[Opening Data section]

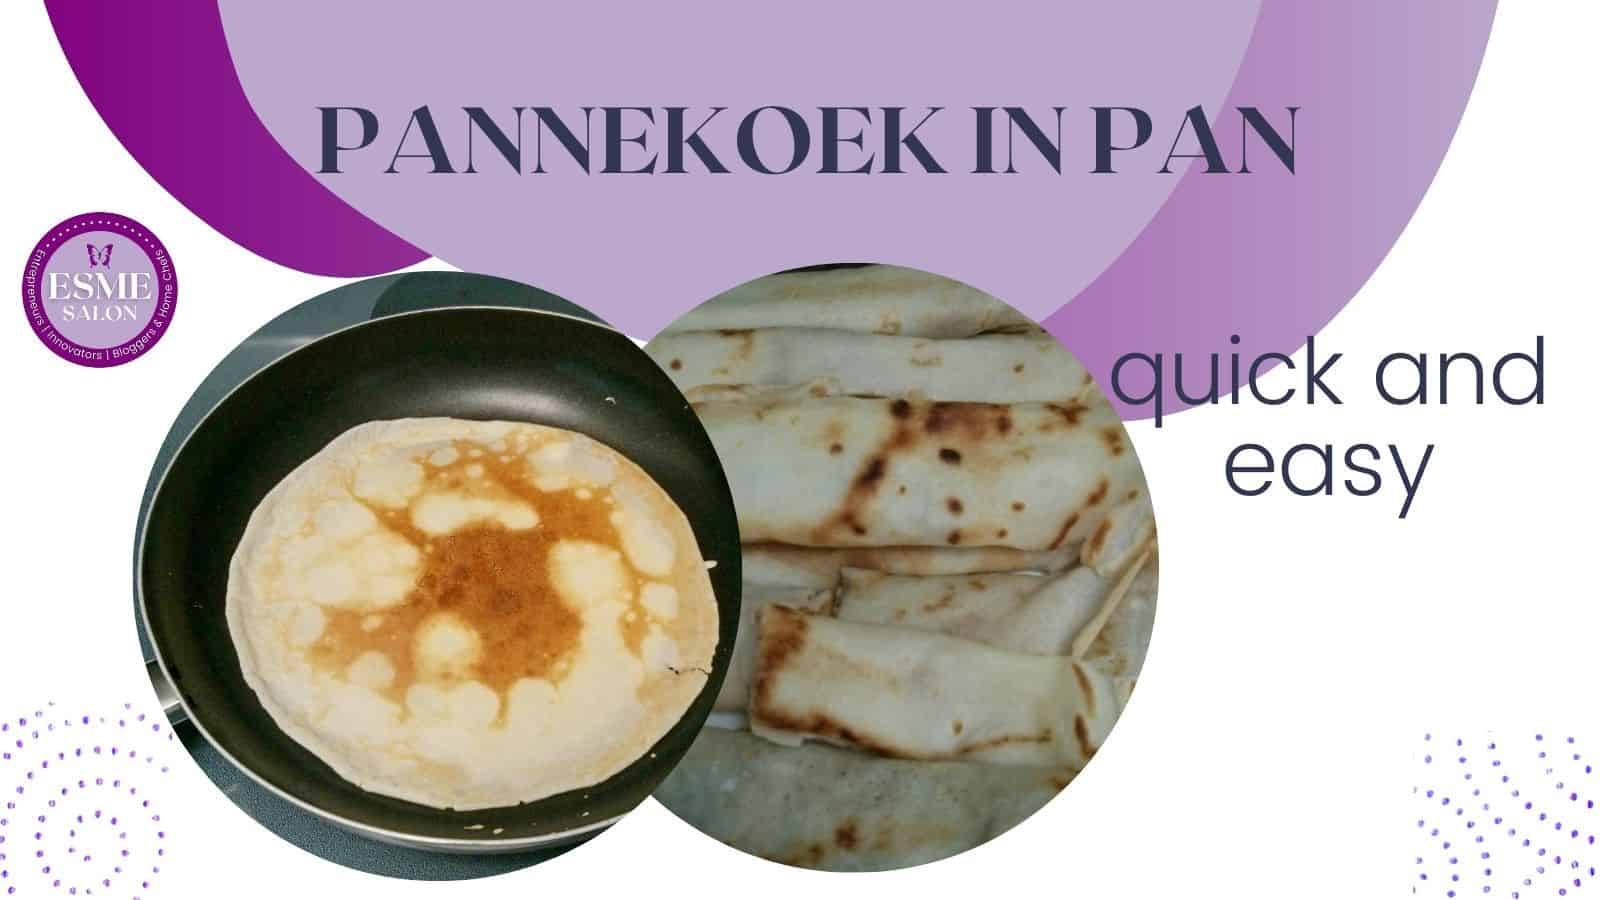 Pannekoek in the pan and rolled up for serving on the side
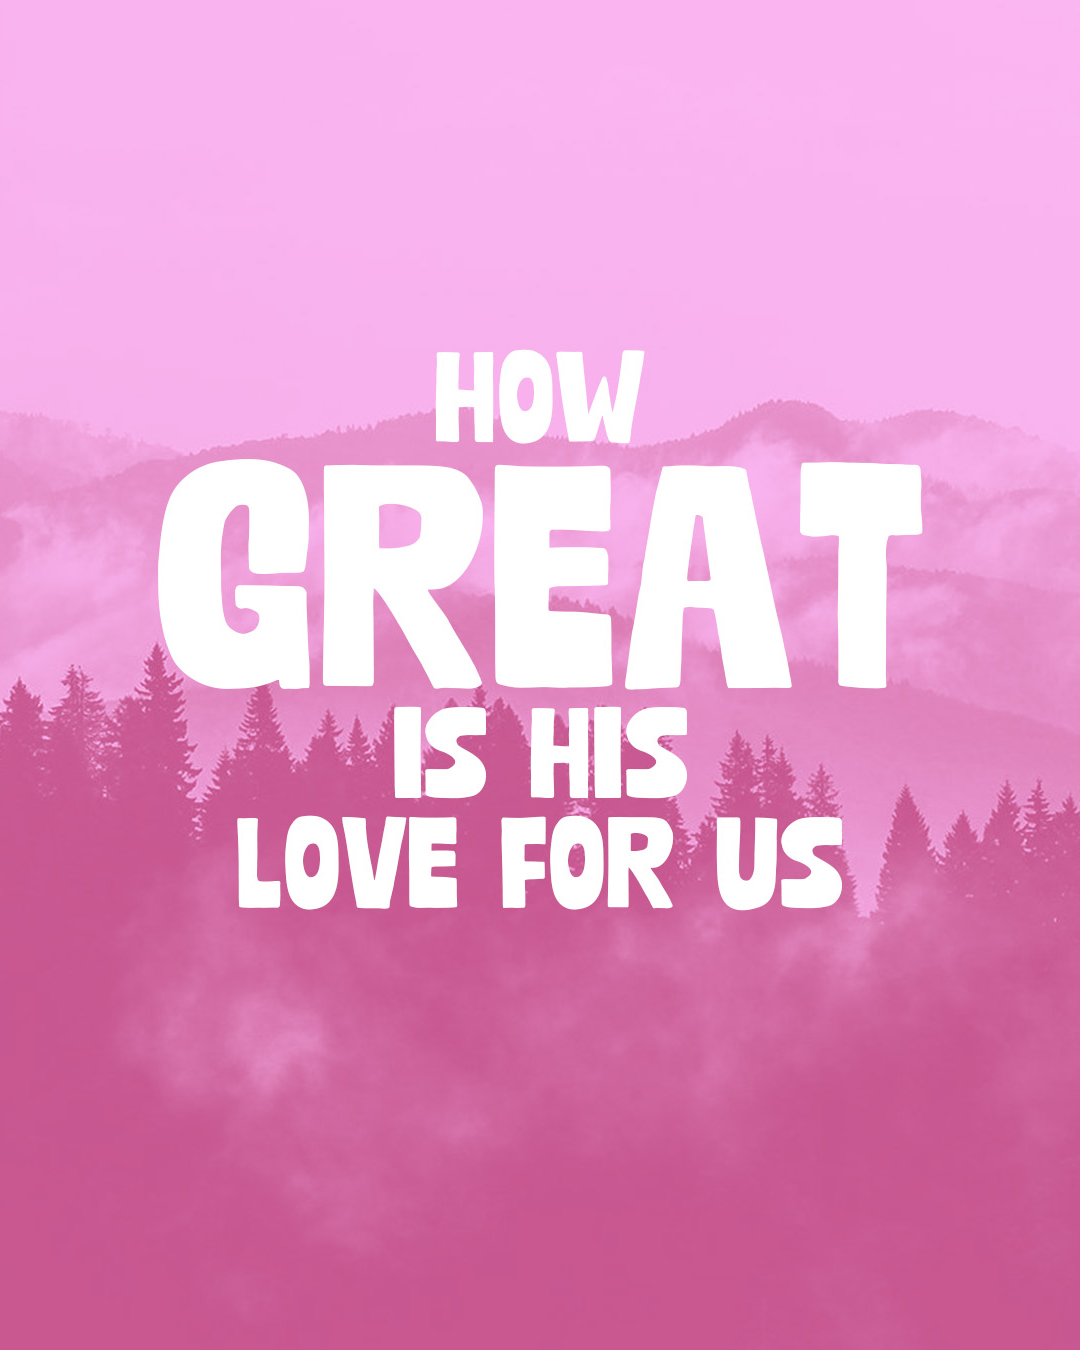 How great is his love for us
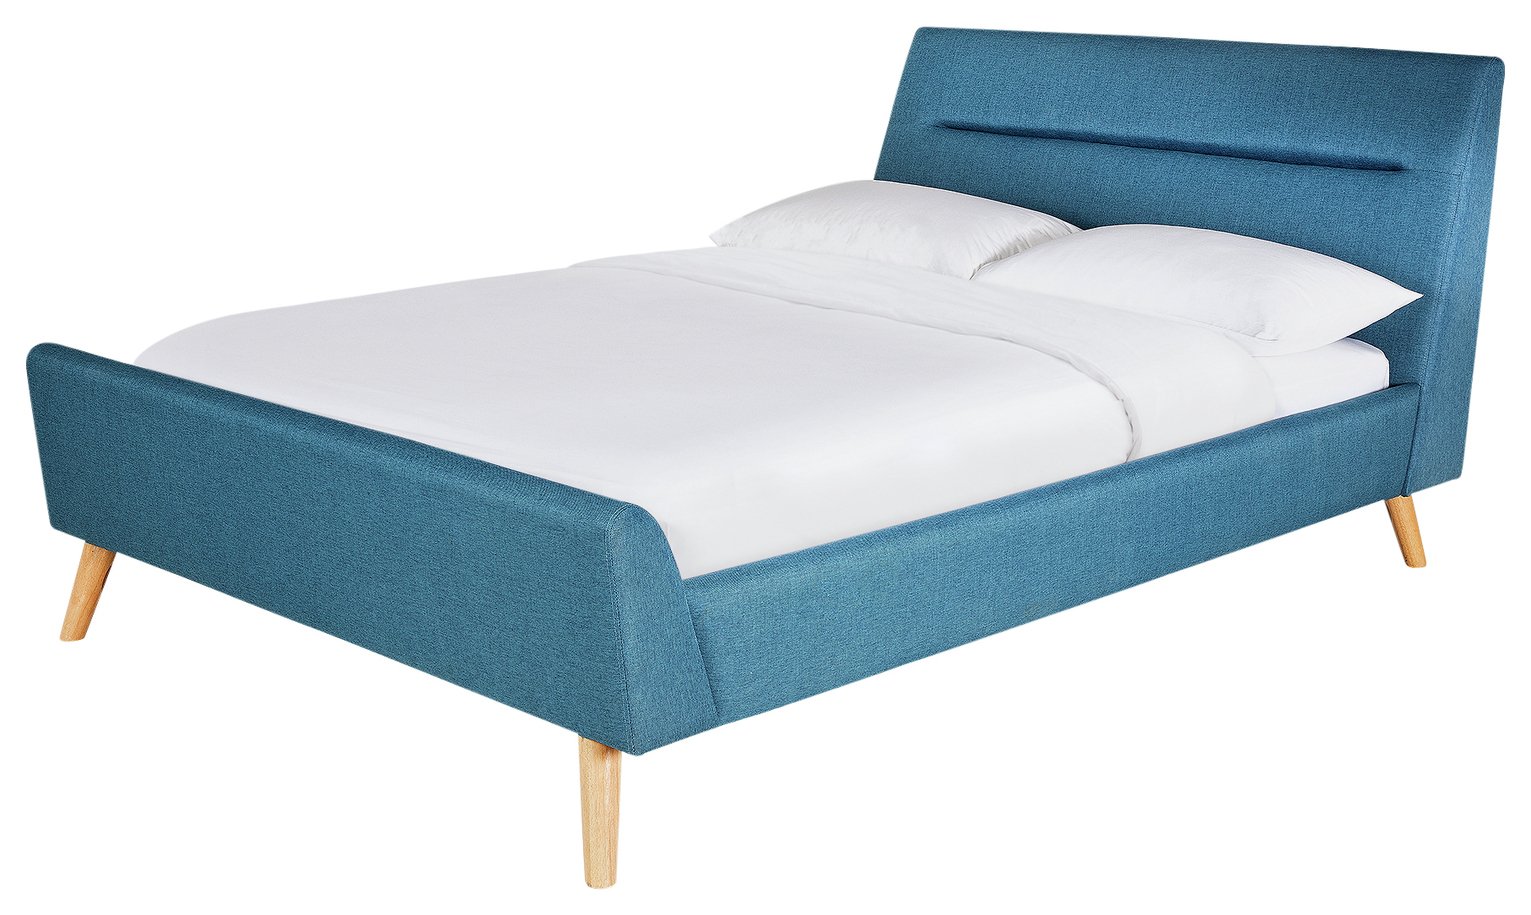 Argos Home Finn Teal Small Double Bed Frame review

[Closing Data section]

◆ **Task directions**:
Where the line holding "How great is his love for us" appears, start copying, and continue exactly through the last line of the listing, both ends included, skipping the pictures.

◆ **Expected output**:
 How great is his love for us
 Argos Home Finn Teal Small Double Bed Frame review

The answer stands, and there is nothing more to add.